For that you need to understand the abstraction over the actual machines that the container management environment (pick one, pick ten) provides, the configuration system for that environment (declarative? programmatic?), and whatever security/authentication/roles system your cloud uses. Multiply by N for “multi-cloud”.

And that’s just for the container part! Want to get into objects stores (S3/R2) and production deployments? Add in a pretty solid understanding of HTTP, CDN options, DNS and TLS.

Do you have to manage queues? Databases? ML? Each cloud has its own subtly different and variegated offering, and each area has its own unique set of skills you need to master, whether it be DBA concepts or domain languages or security needs.

I can rattle off all these things because I have learned them all to some extent or other over the course of my career, and that’s great but I’m 51 years old. I am constantly amazed that any new graduate can find enough initial purchase to start a career in technology.

Doing PostGIS

Like, want to get involved in PostGIS? Easy, “it’s in C”! Except, well actually we’ve got some C++ bits, but frankly if you know C you probably know C++ too. C and C++ both embed a macro language (CPP) so you need to know that to understand the code.

But wait, you want to build it? Well the build system is autotools. That’s an unholy mixture of M4 and bash shell scripting.

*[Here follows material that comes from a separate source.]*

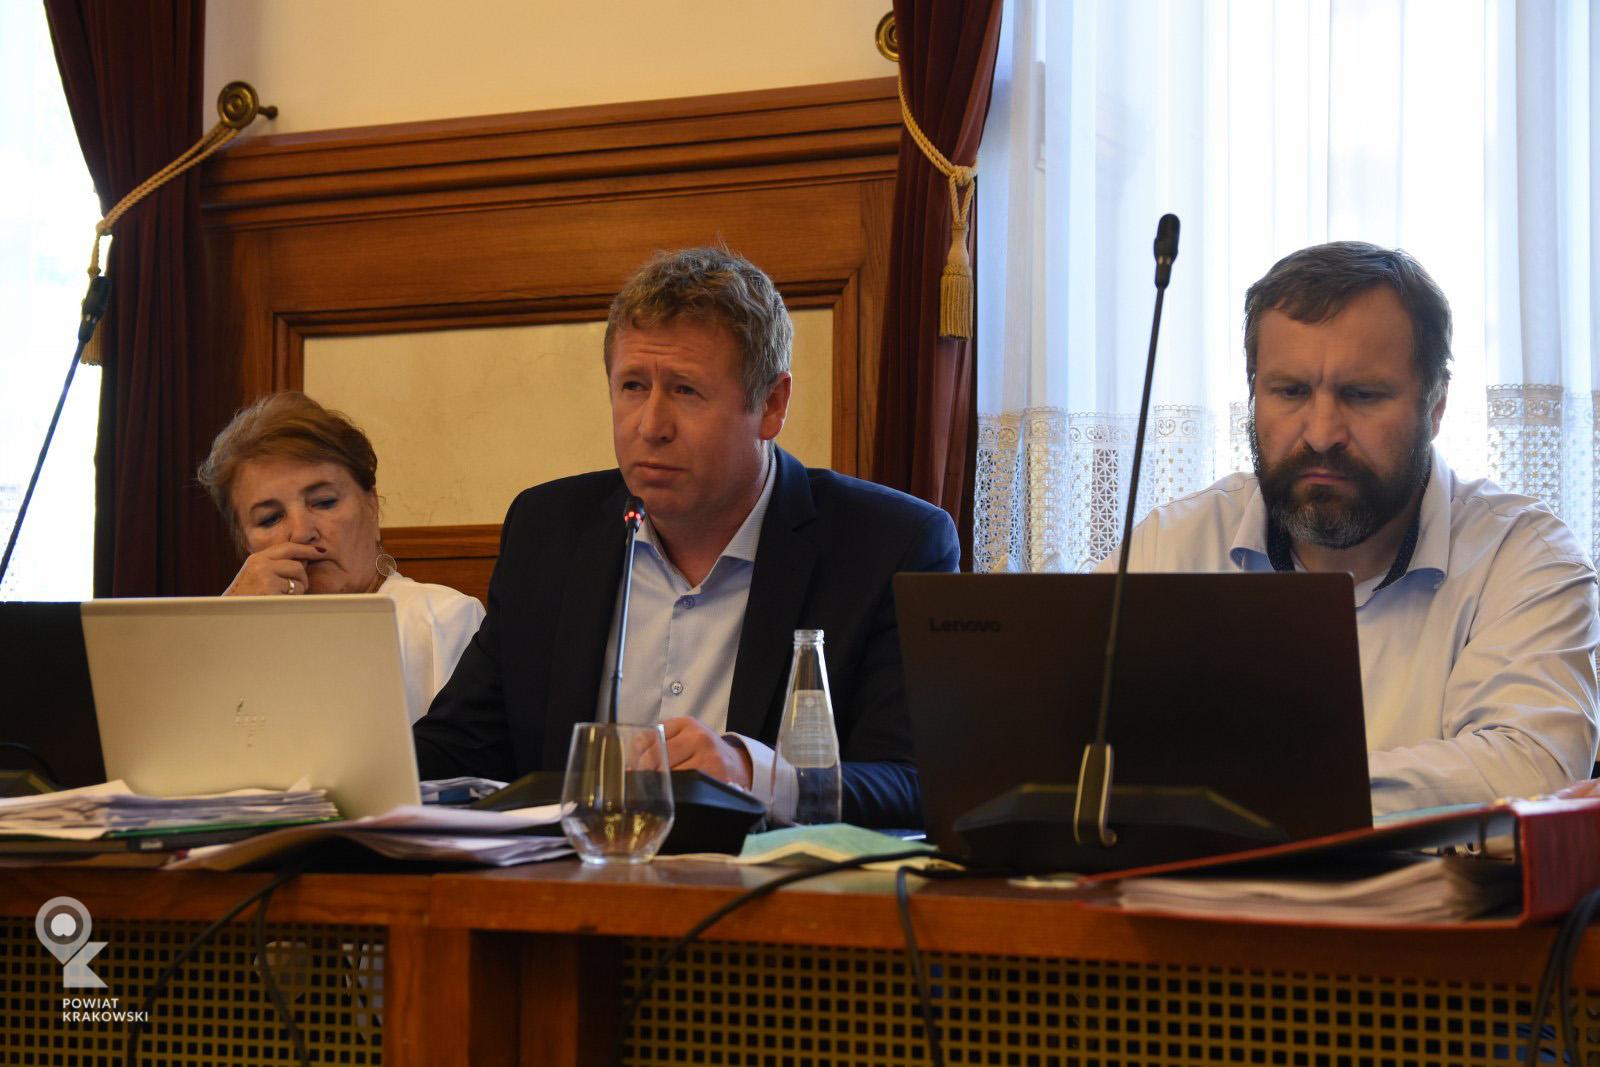 Radny Jarosław Raźny siedzi za stołem, patrzy w przód. Przed nim otwarty laptop

Fortunately you can mostly ignore the M4 but bash skills are definitely required.

Naturally you’ll also have to understand Makefile syntax.

Of course PostGIS is a PostgreSQL extension, so to even understand what we’re doing you need to understand SQL. You’ll end up learning the PostgreSQL extension and function APIs by osmosis via the PostGIS code base, but it’s still another thing.

Inevitably you will make a mistake, so you’ll need to understand a debugger, probably gdb or lldb, which are glorious command-line tools with their own terse commandline syntax.

Ooops! Forgot the UNIX commandline! That’s table stakes, really, but there you go.

Also forgot git, which is one of the few tools that is common across most branches of practical modern IT.

The documentation is all in DocBook XML, but you can probably figure that out by inspection.

You probably won’t change the WKT lexer/parser, but that’s in flex/bison. There’s also a protobuf binding that has its own little domain language.

Fixes? Nah.

One of the reasons I don’t do “real javascript” is because doing this exercise with any modern Javascript project involves a similar-but-much-longer litany of completely different tooling from the tooling I already know.

I learned Go relatively recently, and I have to say that even though I did have to, yes, learn all about build and test and debug and modularity for Go, at least there wasn’t a huge pile of options to wade through – the Go community mostly “picked one” for the core tools. (Not true for database connectivity though! You can choose from among multiple PostgreSQL client libraries!)

I don’t know how to end this except to say it feels like my whole career has been spent watching geological layers of technology pack down on each other, layer upon layer upon layer, and that the result seems, in aggregate, completely unapproachable.

I wait for some kind of simplifying moment.

The repeated theme year after year after year has been that “encapsulation” and “abstraction” will at least allow us to ignore the lowest layers. To some extent that is true – I have made it through a whole career without having to learn assembler, and I probably will never need to.

But so many of the other promises have failed to play out.

Object orientation did not result in a new world of stringing together opaque components. The insides still matter intensely and people still have to understand the parts.

Containers have flattened out the need to worry about dependency chains, but the chains are still there inside the containers, and managing the production deployment of containers is now a career defining field in its own right.

An Expanding Universe

It’s possible that most of this apparent exponential complexity explosion is just due to the ever widening scope of what “working with computers” means.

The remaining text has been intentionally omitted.